Children of the Night is a homeless shelter located in Van Nuys, California that is dedicated to assisting children between the ages of 11 and 17 who have been victims of exploitation. For more that three decades, Children of the Night has been providing services to these young people—a welcoming home, meals, clothes, supplies, an on-site school, counseling, social services, and the stability that is essential to their progress and success in life.
For the past 16 months, Children of the Night has partnered with the David Lynch Foundation to provide another kind of stability to the children—inner calm and peace through the Quiet Time/Transcendental Meditation Program.
Academy Award-nominated filmmaker David Lynch became involved with Children of the Night after his wife, Emily, began volunteering at the shelter two years ago. At a press conference on June 3rd, Lynch explained what the practice of Transcendental Meditation- which he’s done twice daily for 38 years—can do for these highly stressed children:
“If you’re a stressed human being—and especially a traumatically stressed human being—once you transcend and experience this deepest level, it’s like somebody took a hammer and hit the bolt at the top of a boiler filled with stress, and it starts pouring out,” said David Lynch.

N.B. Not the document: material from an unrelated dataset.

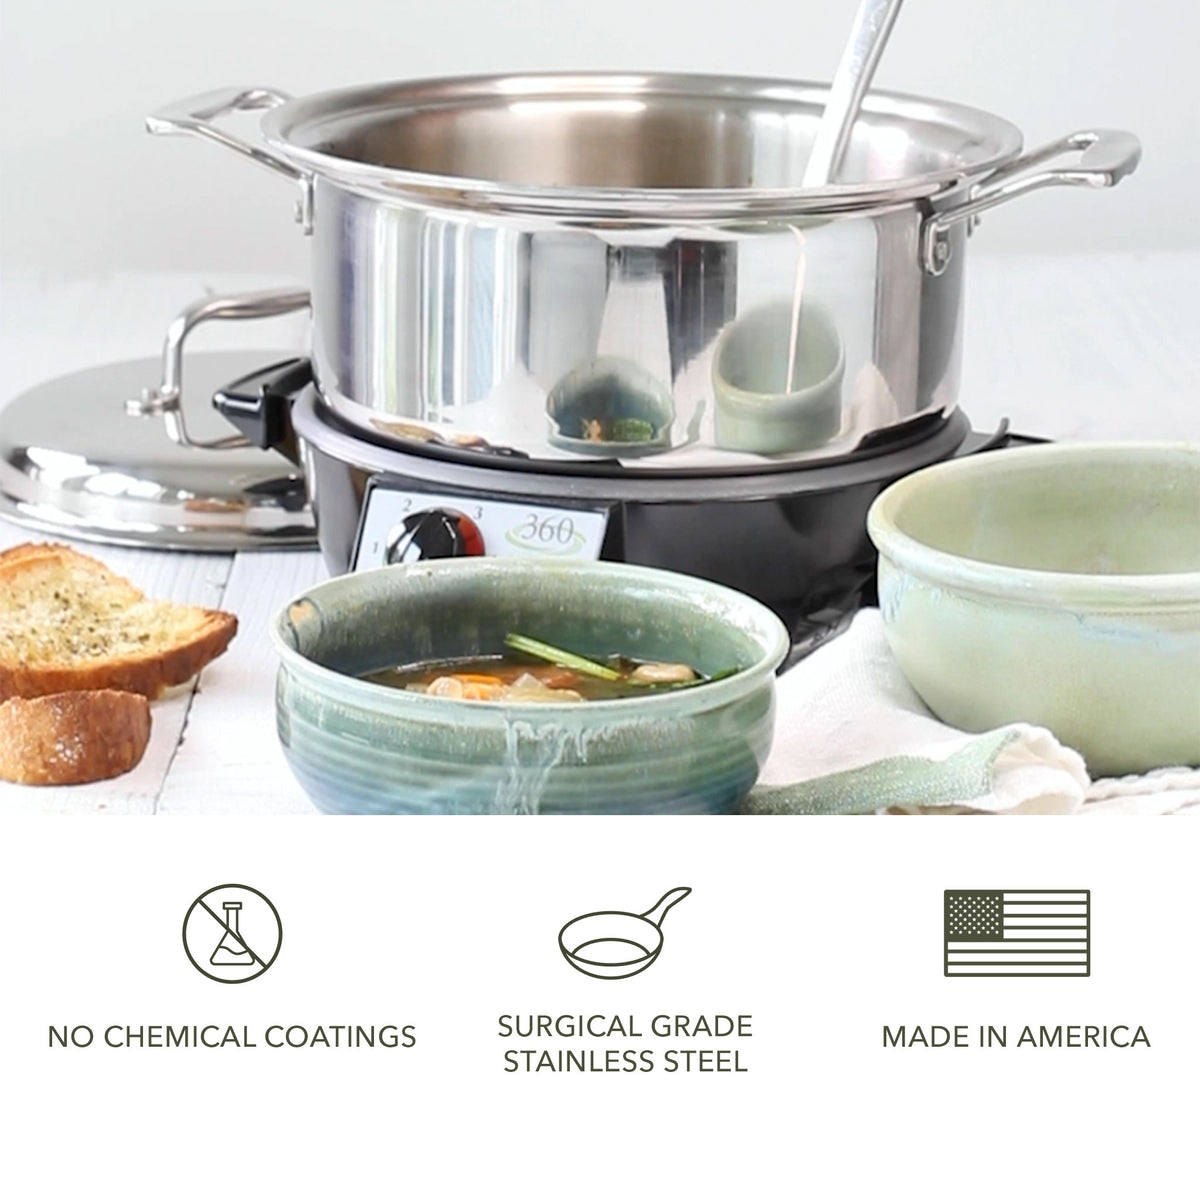 https://www.longaberger.shop/wp-content/uploads/1691/43/360-cookware-4-quart-slow-cooker-set-360-cookware-the-more-you-spend-the-greater-discount-youll-get_7.jpg
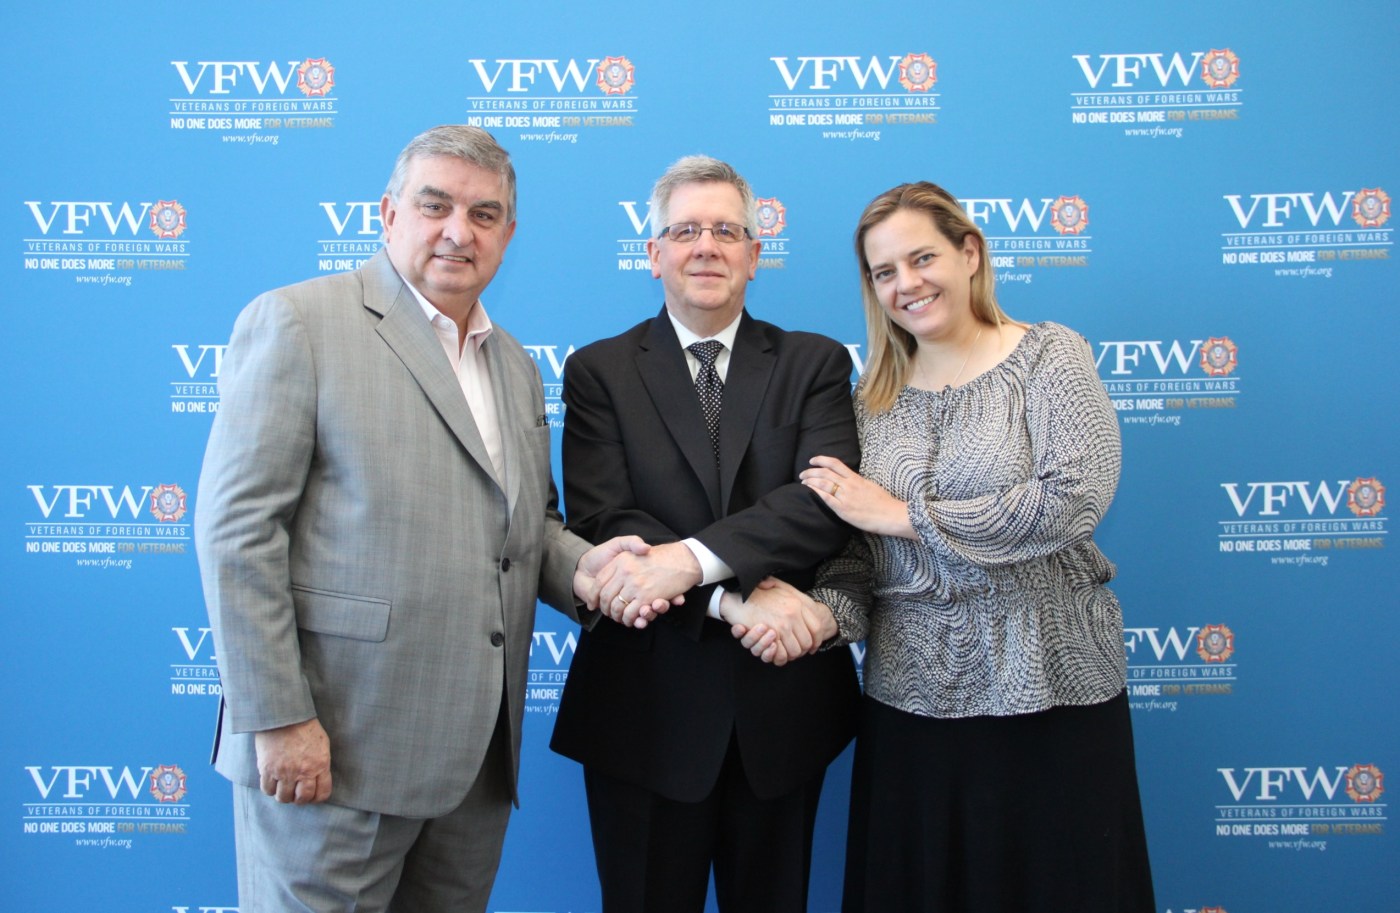 VA, VFW and Walgreens collaborate to enhance Veterans’ access to mental health resources

“It’s such a relief,” continued Lynch, whose six-year-old foundation has raised millions of dollars to teach TM techniques to some 150,000 people, mostly students, worldwide. “So, the girls got happier and less stressed and saw a brighter world outside, rather than a hell world.”
“I’ve done the meditation for a year,” said a 17-year-old resident. “It helps me realize the goals that I actually want to achieve. If I get scared, or nervous, or frustrated, I don’t leave right off the bat now. It’s just brought me a well of calmness that nothing else has been able to provide.”
Dr. Lois Lee, founder and president of Children of the Night, said that her own TM practice had a similar effect, enabling her to clarify strategies for her long-frustrated dream of expanding Children of the Night’s programs beyond Los Angeles.
“Through our experience with the David Lynch Foundation and through our discovery that Children of the Night can operate without walls, we know we can take our award-winning programs to adolescents who are forced to live in out-of-home care throughout America.”
“I would have never been able to make that leap in my mind without Transcendental Meditation,” Lee said.